Madison scored twice from there to reclaim the lead. After Isaiah Smith set up first and goal from the 1-yard line on a nice screen pass from Chris Smith, the latter punched in a 1-yard keeper, and with a successful PAT the Mountaineers had a 27-26 lead with 7:30 to play.

 

“It went back-and-forth and that’s the way you’d expect this game to play out,” Dean said. “It just hurts that we came up just one play short, especially with all the offense we had behind us.

 

Monroe had one last scoring drive in it, and again with Mallory doing the gritty work early. From 15 yards out, Monroe gave the ball to Anthony Pritchett who went untouched to the endzone on an outside run to give the Dragons a 32-26 advantage.

 

The Mountaineers had five minutes to play with and they worked their way into Monroe territory, getting into the redzone. On fourth and one, Madison went to Chris Smith on an edge run, but he was stopped just an inch short of the first down, requiring a dramatic measurement. Then with less than 30 seconds to play, Monroe faced fourth and four on its short side of midfield.

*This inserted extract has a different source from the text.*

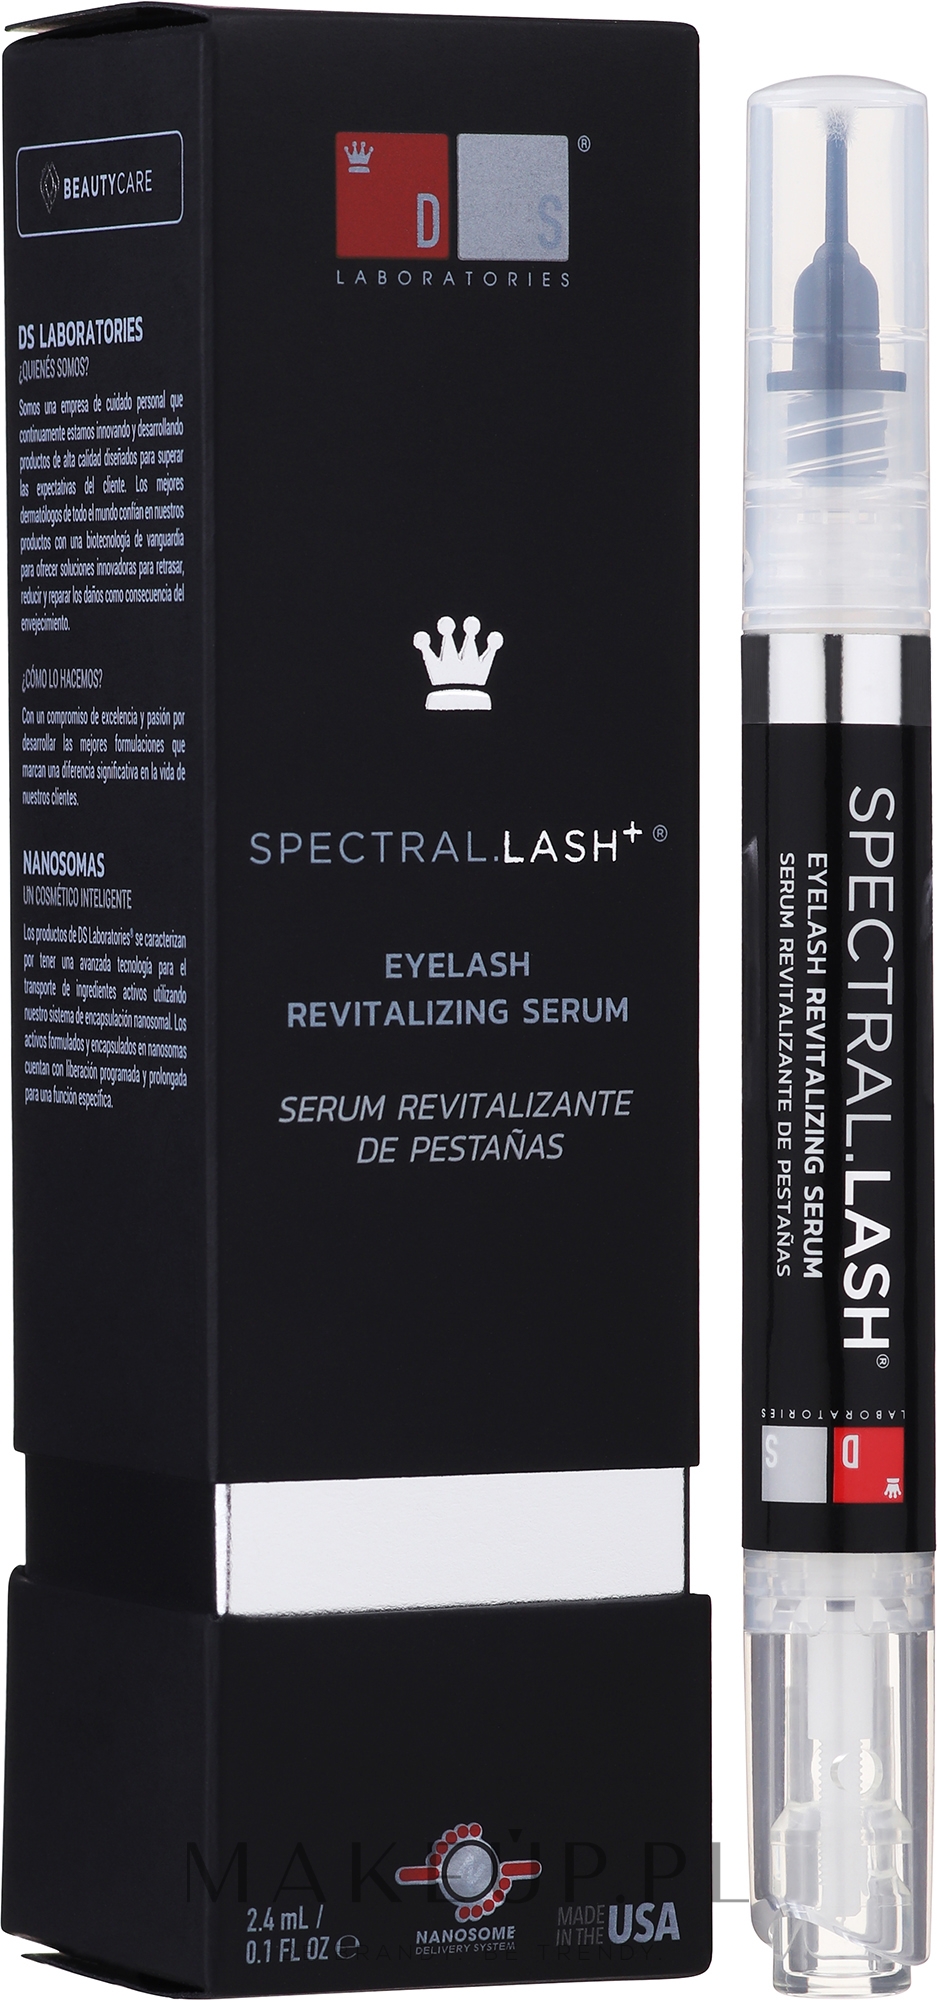 Serum do rzęs - DS Laboratories Spectral.LASH Eyelash Growth Serum — Zdjęcie 2.4 ml

It was there that Mallory put one last mark on the game, getting the first down to kill the clock.

 

“It’s a great win,” Mallory said. “It’s homecoming, we’re playing against our biggest rival. It was just a great feeling. We’ve got a good offensive line, a great full back and it makes it easy to run behind for easy yards and so I can’t take too much credit. If they don’t block, I don’t get the yards.”

 

As for the call on fourth down, Rocha put it on his players.

 

“Man did I struggle with that,” Rocha said. “I turned to them on the sidelines and said, ‘Do you want this game?’ They said ‘Yes.’ And I said ‘Can you get this first down.’ They said ‘Yes’. It was on them.”

 

On the night Mallory finished with 25 carries for 210 yards and three touchdowns. Isaiah Smith had 238 yards rushing 25 carries.

 

Monroe (1-6) heads to Central next while Madison (2-5) hosts to Strasburg.